Supplied information.
________________________
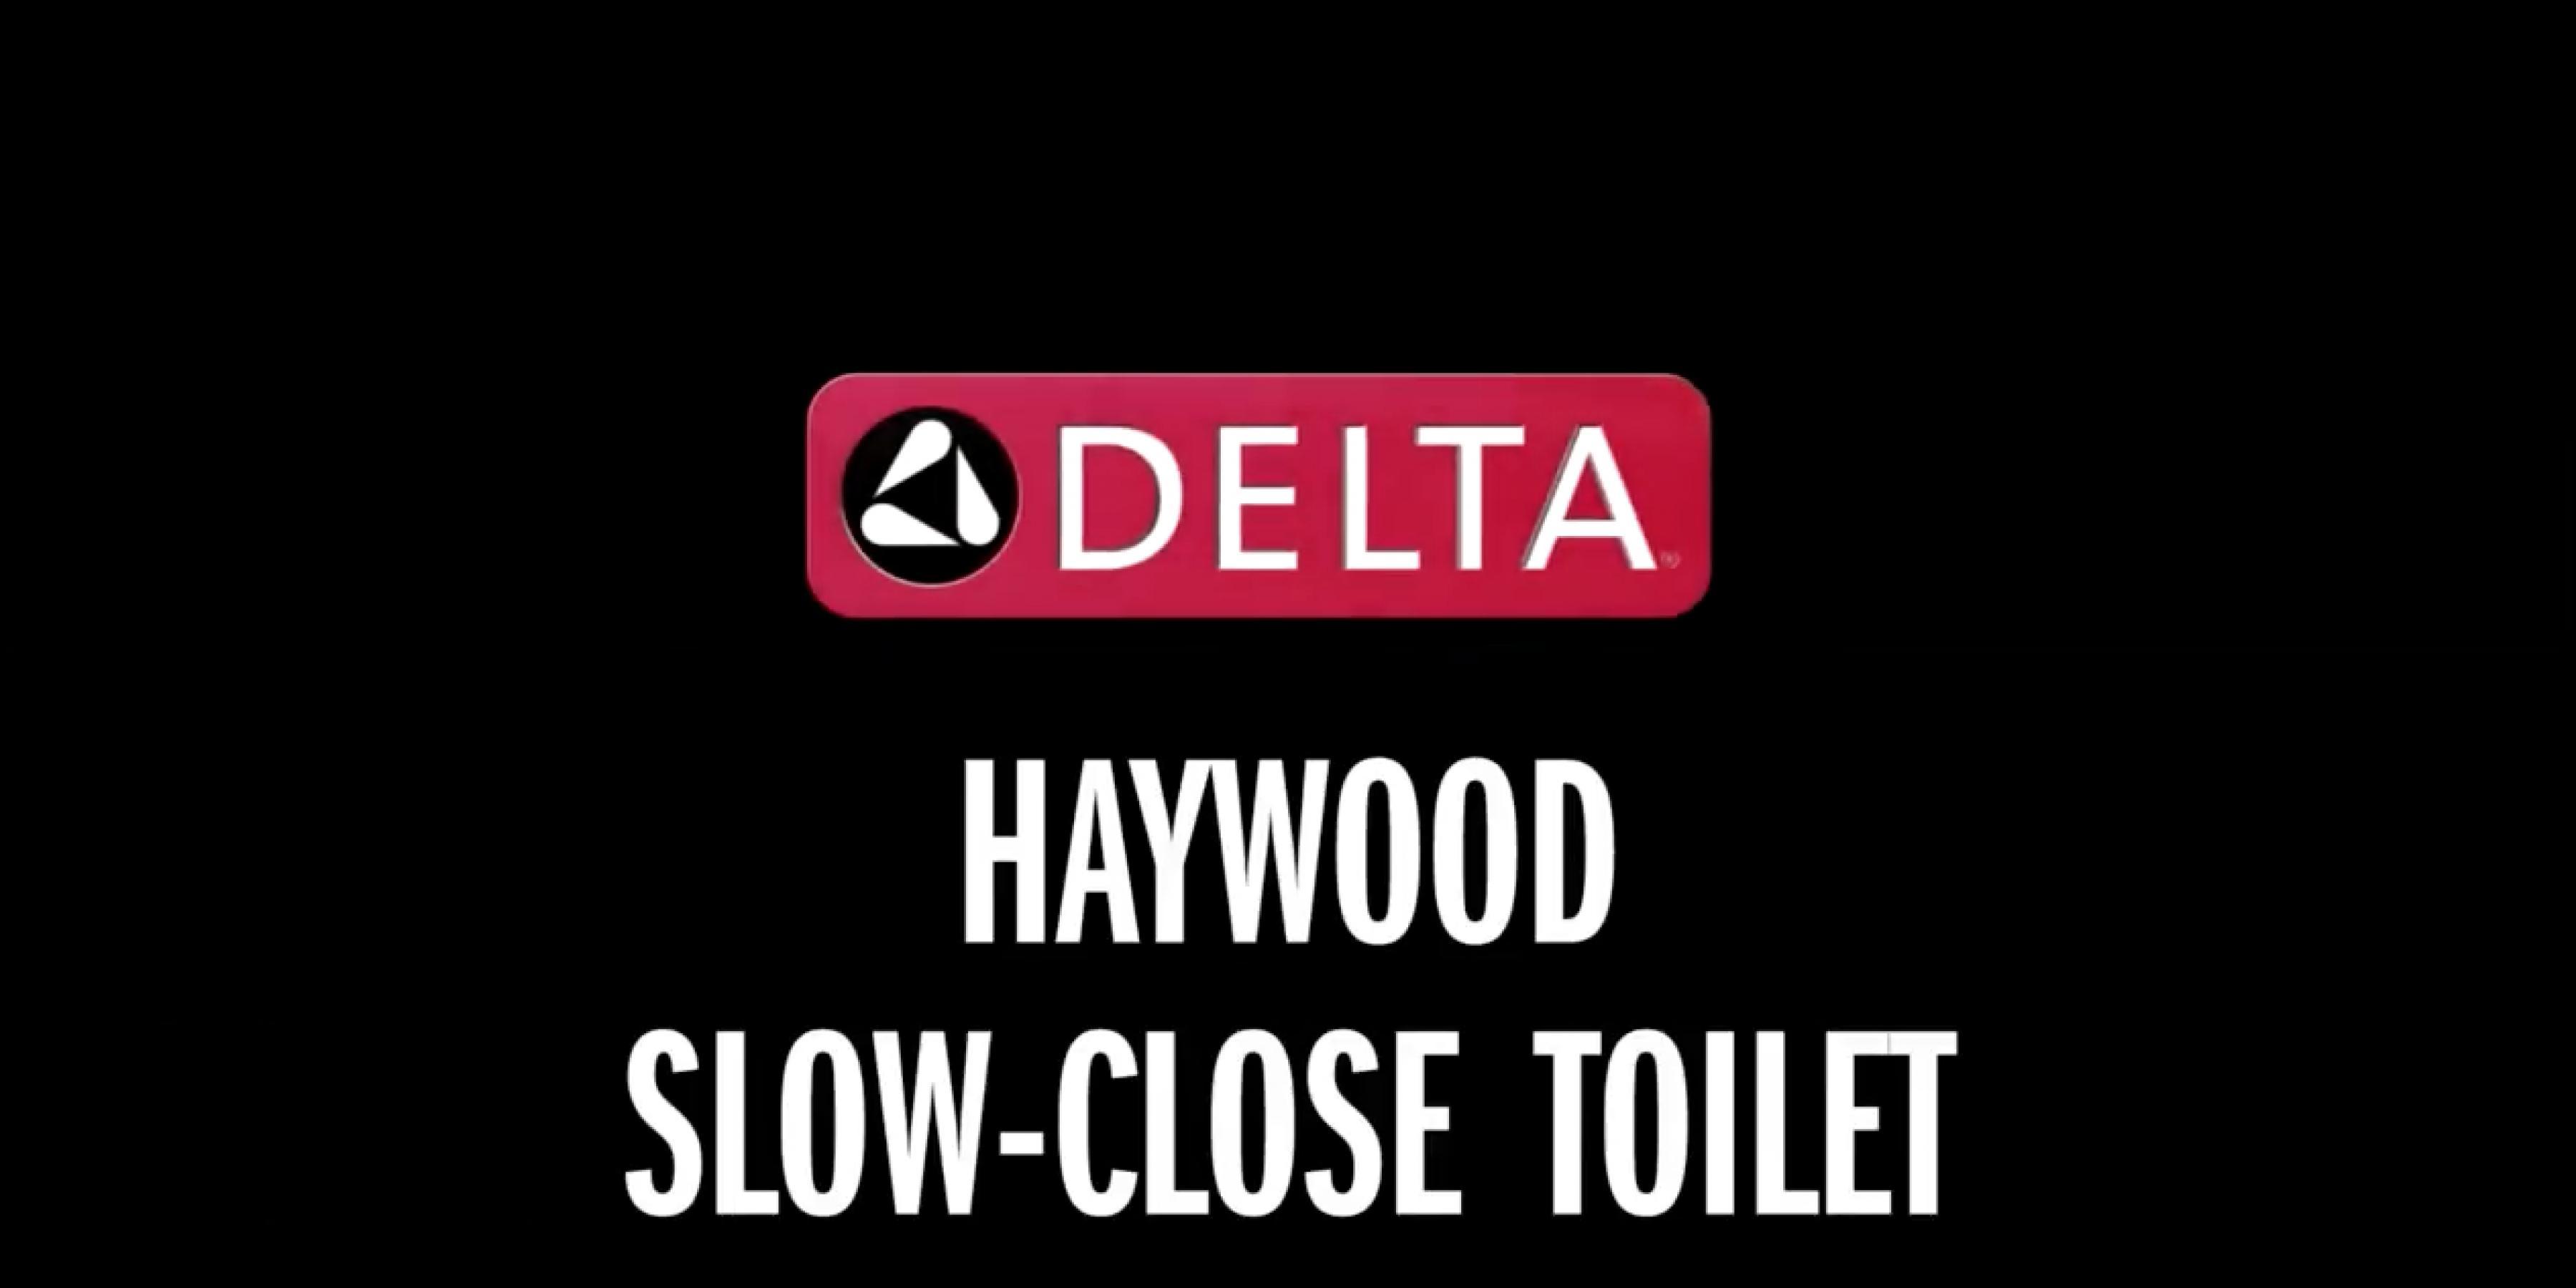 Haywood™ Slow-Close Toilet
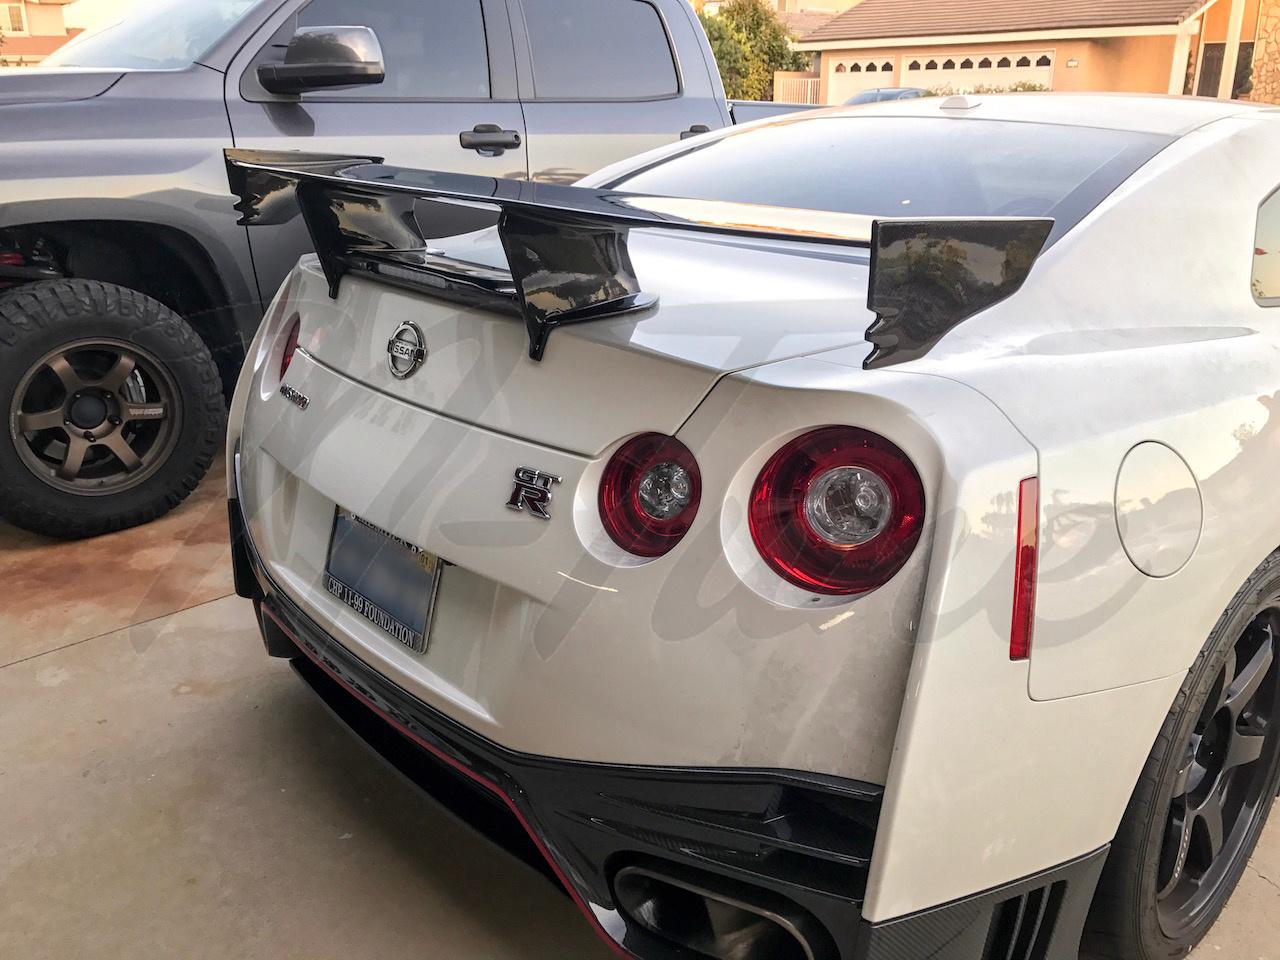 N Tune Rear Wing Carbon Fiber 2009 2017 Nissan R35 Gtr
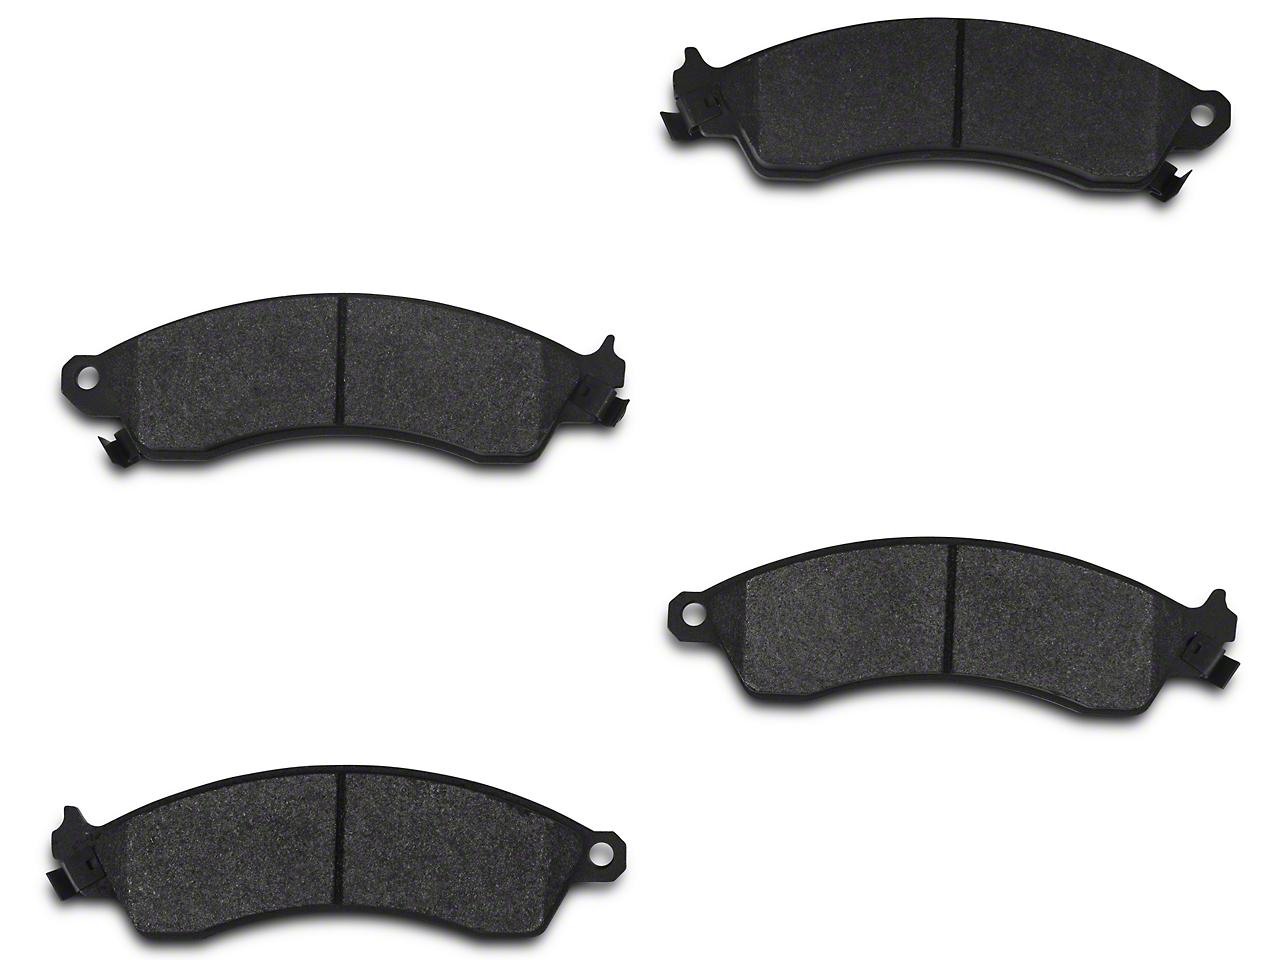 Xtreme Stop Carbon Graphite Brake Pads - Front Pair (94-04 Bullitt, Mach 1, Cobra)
________________________
Work item. Exactly as they stand, write the lines from the one holding "N Tune Rear" to the end of the material, both ends included. Do not copy the pictures.

Task result.
 N Tune Rear Wing Carbon Fiber 2009 2017 Nissan R35 Gtr
 Xtreme Stop Carbon Graphite Brake Pads - Front Pair (94-04 Bullitt, Mach 1, Cobra)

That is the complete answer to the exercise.